Bei der Druse gibt es in der Schweiz keinen zugelassenen Impfstoff. Die Wirksamkeit des vorhandenen Impfstoffs ist beschränkt. Aber die Forschung läuft. Bei Herpes gibt es Impfstoffe. Zwar sind Pferde dann nicht vollständig davor geschützt, aber der Krankheitsverlauf ist milder und sie geben weniger Viren an andere Pferde weiter. Der Impfschutz ist jedoch auf wenige Monate begrenzt. Nach einer Grund­immunisierung muss er alle sechs Monate aufgefrischt werden. Sind Pferde bereits erkrankt, ist eine Impfung nicht empfohlen. Ob die noch gesunden Pferde auf dem Betrieb geimpft werden sollten, ist mit dem behandelnden Tierarzt abzuklären.

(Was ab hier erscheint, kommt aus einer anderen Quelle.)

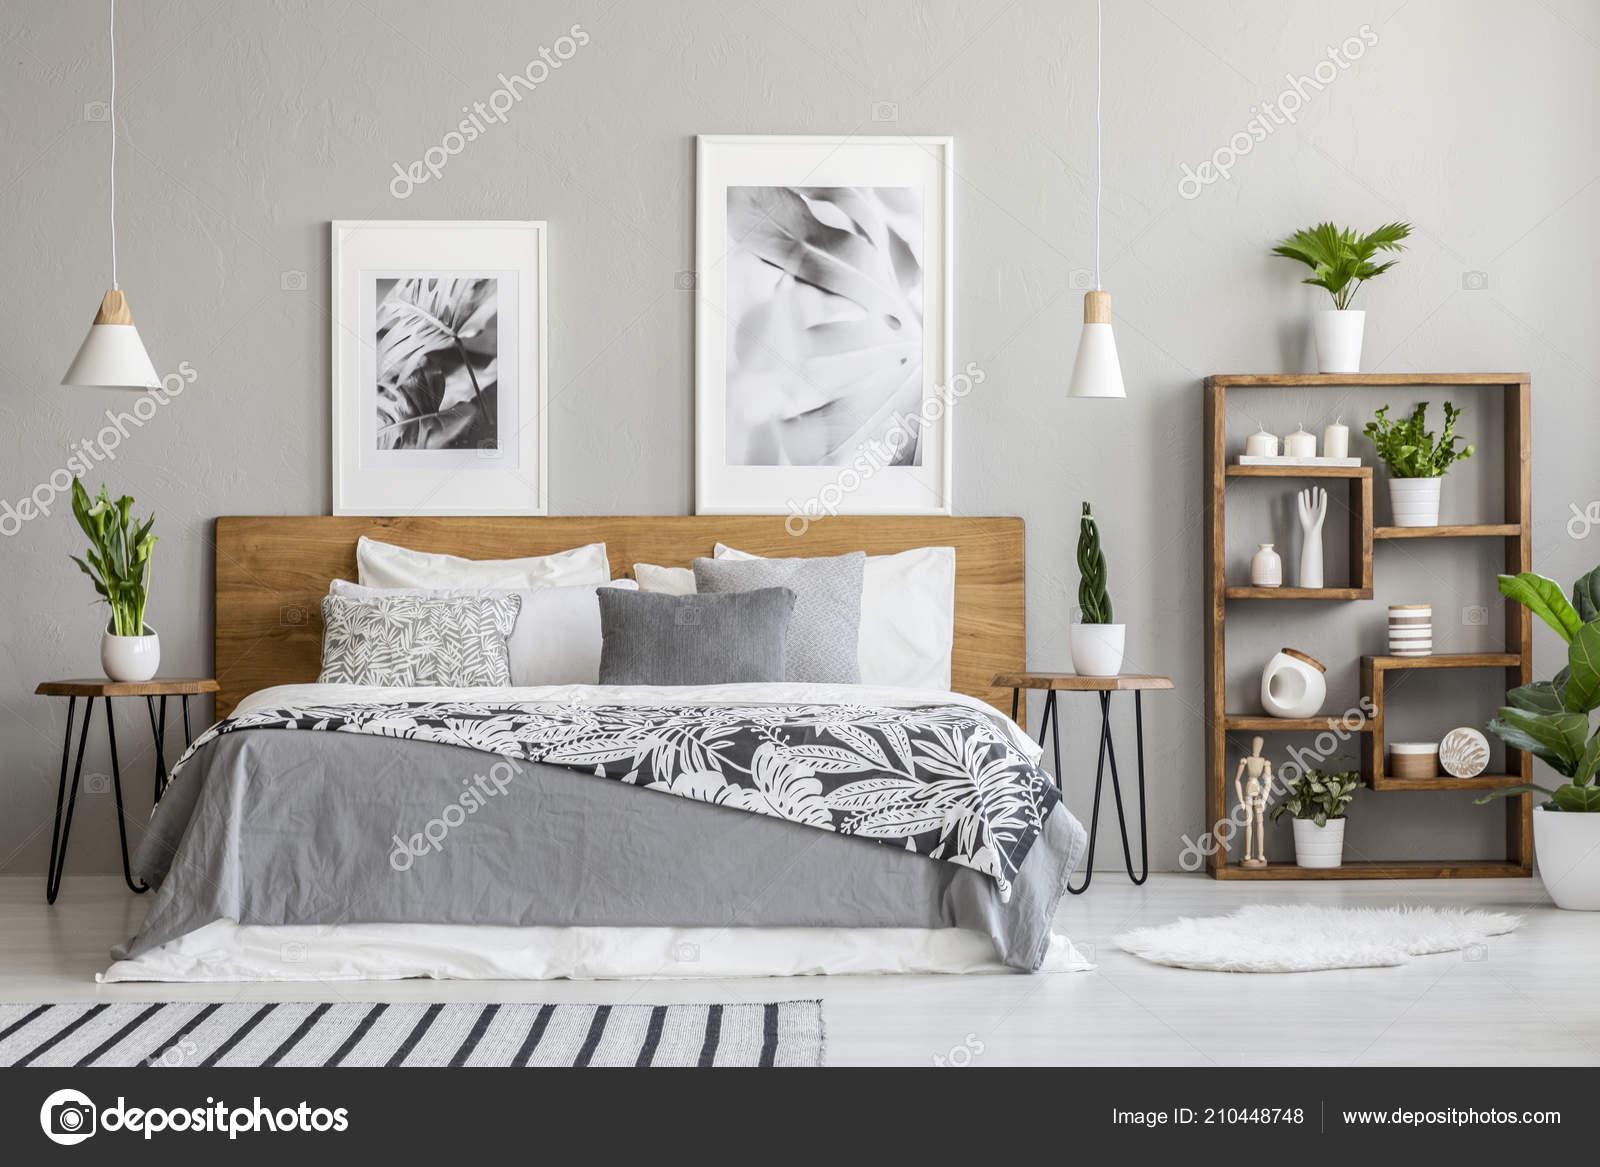 Gemusterte Decke Auf Hölzernen Bett Zwischen Tabellen Mit Pflanzen ...

Vorsicht ist also besser als Nachsicht?

Auf jeden Fall! Und das betrifft nicht nur das Impfen. Da ein Befall mit infektiösen Erregern auch bei gröss­ter Sorgfalt jeden Betrieb treffen kann, ist es sehr empfehlenswert, einen Notfallplan für dieses Szenario vorzubereiten. Die Schweiz ist hier gegenüber gewissen anderen Ländern etwas im Hintertreffen. Stallbetreiber sollten sich in ruhigen Zeiten mit ihrem Tierarzt zusammensetzen und individuell besprechen, wie sie im Krankheitsfall reagieren müssen, welche räumlichen Vorkehrungen zu treffen sind, welches Material – zum Beispiel die Schutzkleidung – für den Notfall angeschafft werden muss. Dazu gehört auch ein Kommunikationskonzept: Wer ist die Ansprechperson im Stall? Welcher Tierarzt übernimmt das Krankheitsmanagement? Wer gut auf die Notlage vorbereitet ist, hilft Panik zu vermeiden und macht keine Fehler. Zudem sollte es zur Selbstverständlichkeit wer­den, dass Neuzugänge in Ställen – insbesondere aus dem Ausland – in den ersten Tagen separat gehalten und gut beobachtet werden, um deren Gesundheitszustand zu überwachen, bevor sie in den festen Bestand integriert werden.

Was möchten Sie den Pferdeleuten noch mitgeben?

Ich möchte alle aufrufen, beim Krankheitsmanagement mitzuhelfen. Die Kommunikation von infektiösen Erkrankungen ist von zentraler Bedeutung. Man darf nicht mit dem Finger auf die betroffenen Betriebe zeigen, denn es kann jeden treffen. Vielmehr sollten alle – Stallbetreiber, Tierarzt, Pferdebesitzer – am gleichen Strick ziehen. Nur so können wir eine Ausbreitung der Krankheiten eindämmen und den Pferden viel Leid ersparen.

Der Kartenausschnitt zeigt Krankheitsfälle und Pferde mit spezifischen Krankheitssymptomen, die vom 1. Oktober bis 7. November via Equinella gemeldet wurden. Blau: ein betroffenes Tier. Gelb: zwei bis fünf betroffene Tiere.